*** Opening of Given data ***

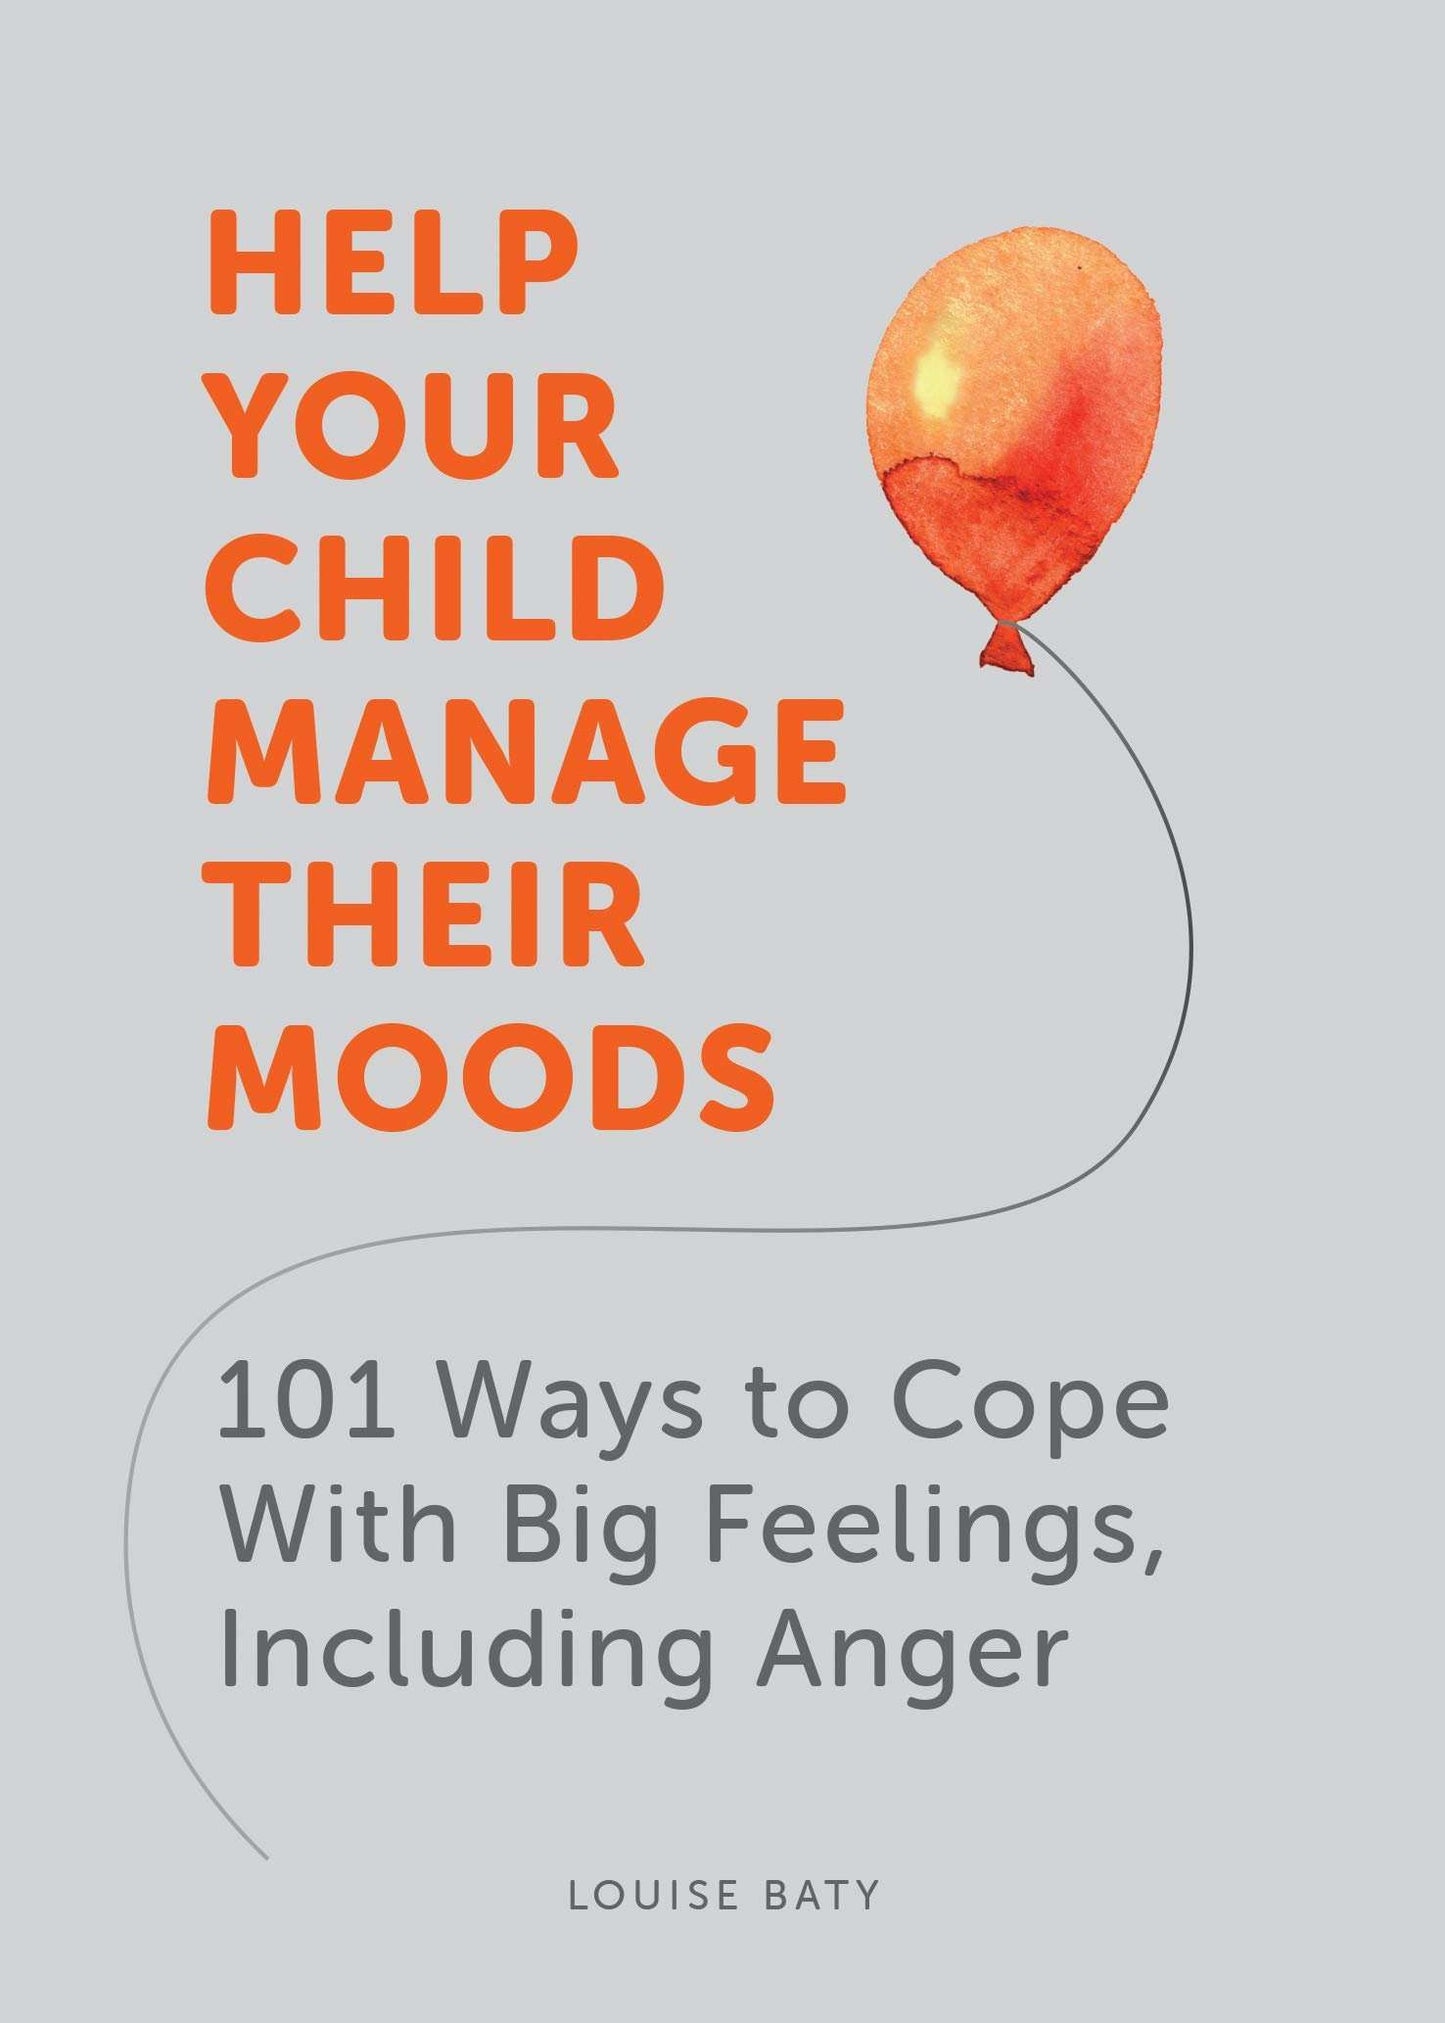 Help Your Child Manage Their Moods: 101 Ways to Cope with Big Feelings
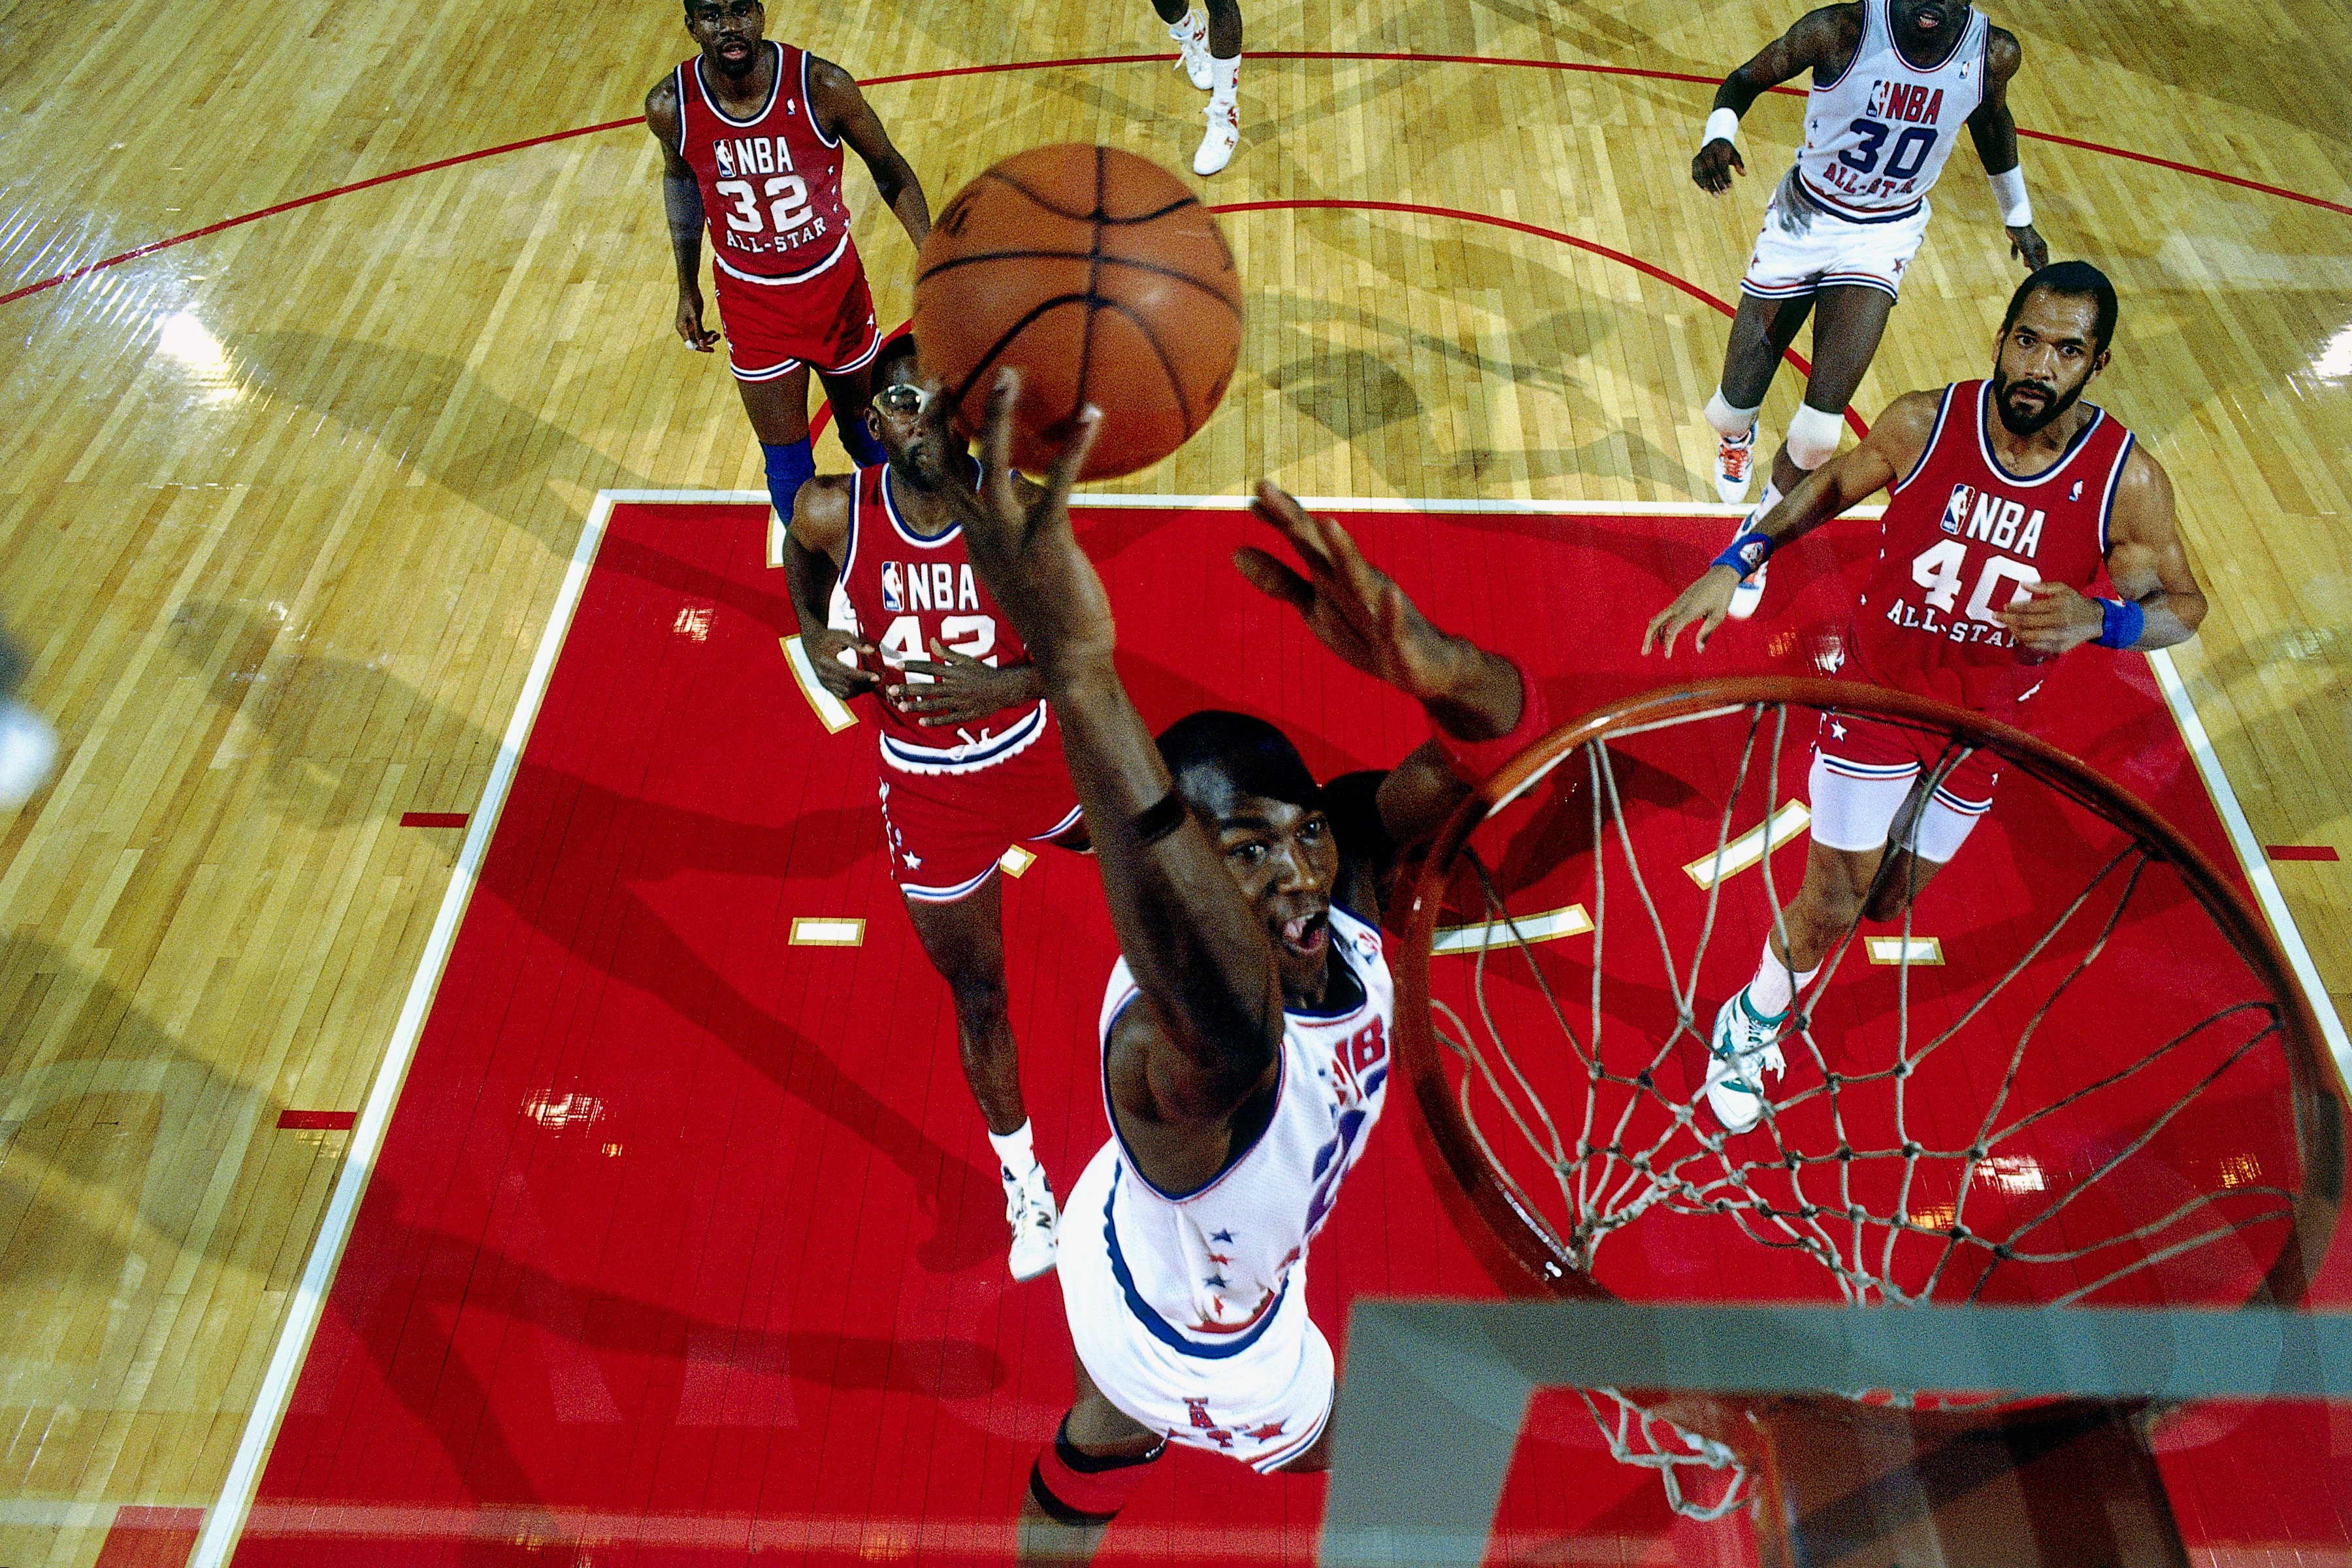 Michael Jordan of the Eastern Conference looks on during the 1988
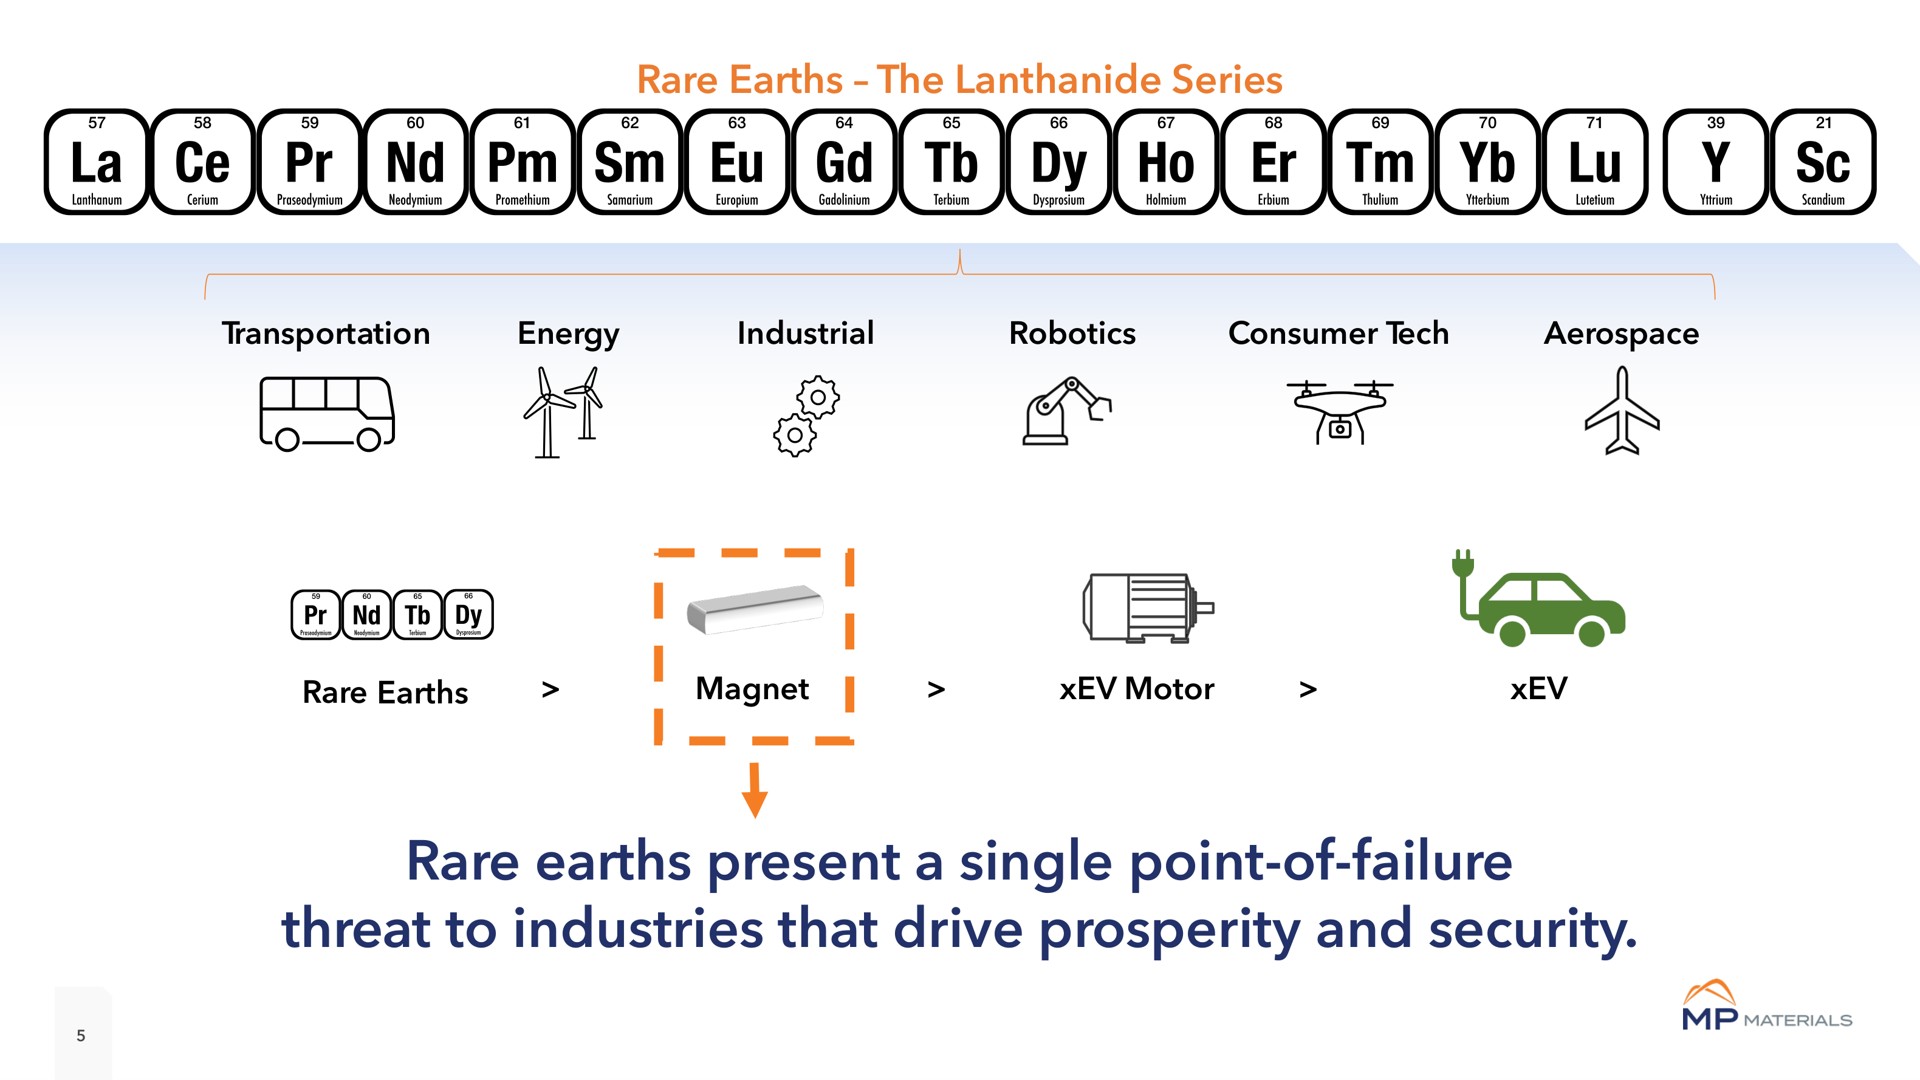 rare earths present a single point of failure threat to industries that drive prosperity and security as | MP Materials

*** Close of Given data ***

The result should be every line of the data, reproduced exactly, with the images removed.

 Help Your Child Manage Their Moods: 101 Ways to Cope with Big Feelings
 Michael Jordan of the Eastern Conference looks on during the 1988
 rare earths present a single point of failure threat to industries that drive prosperity and security as | MP Materials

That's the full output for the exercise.